5.    SEVERANCE COMPENSATION

      (a) If Consultant's engagement is terminated pursuant to Section 4(e) (by
the Company without cause), the Company shall, for the two-year period
commencing on the Date of Termination, continue to (i) pay to Consultant
consulting fees at the rate in effect on the Date of Termination, (ii) pay for
Galliers-Pratt's (and his immediate family's) participation in group medical,
life, dental, disability and similar plans to the extent permitted by the plan,
and (iii) pay to Consultant the Car Payments.
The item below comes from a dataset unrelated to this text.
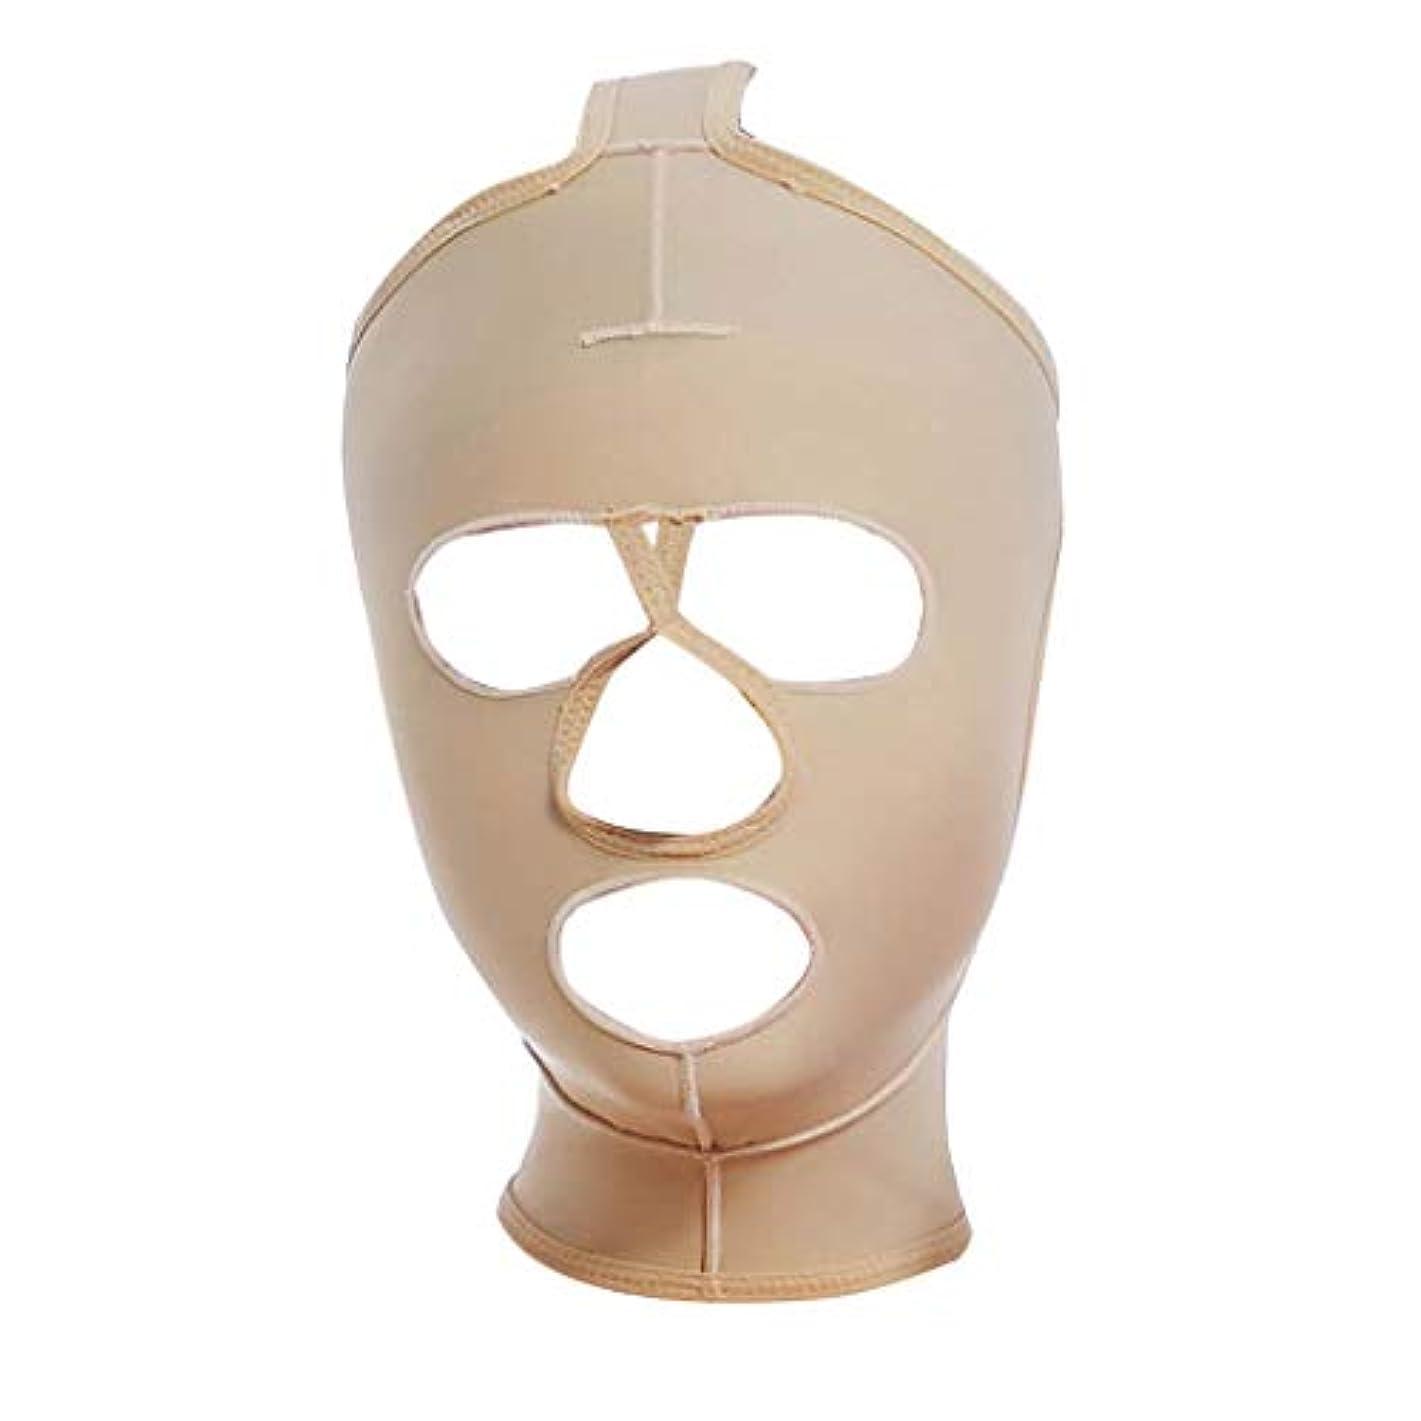 XHLMRMJ フェイス&ネックリフト、減量フェイスマスク脂肪吸引術脂肪吸引術整形マスクフードフェイスリフティングアーティファクトVフェイスビームフェイスエラスティックスリーブ (Size : S)

      (b) If Consultant's engagement is terminated for any reason other than by
the Company without cause, the Company shall pay to Consultant any unpaid
consulting fees through the Date of Termination. All rights and benefits which
Galliers-Pratt or his estate may have under the Company's benefit plans in which
Galliers-Pratt shall be participating at the date of termination of engagement
shall be determined in accordance with such plans.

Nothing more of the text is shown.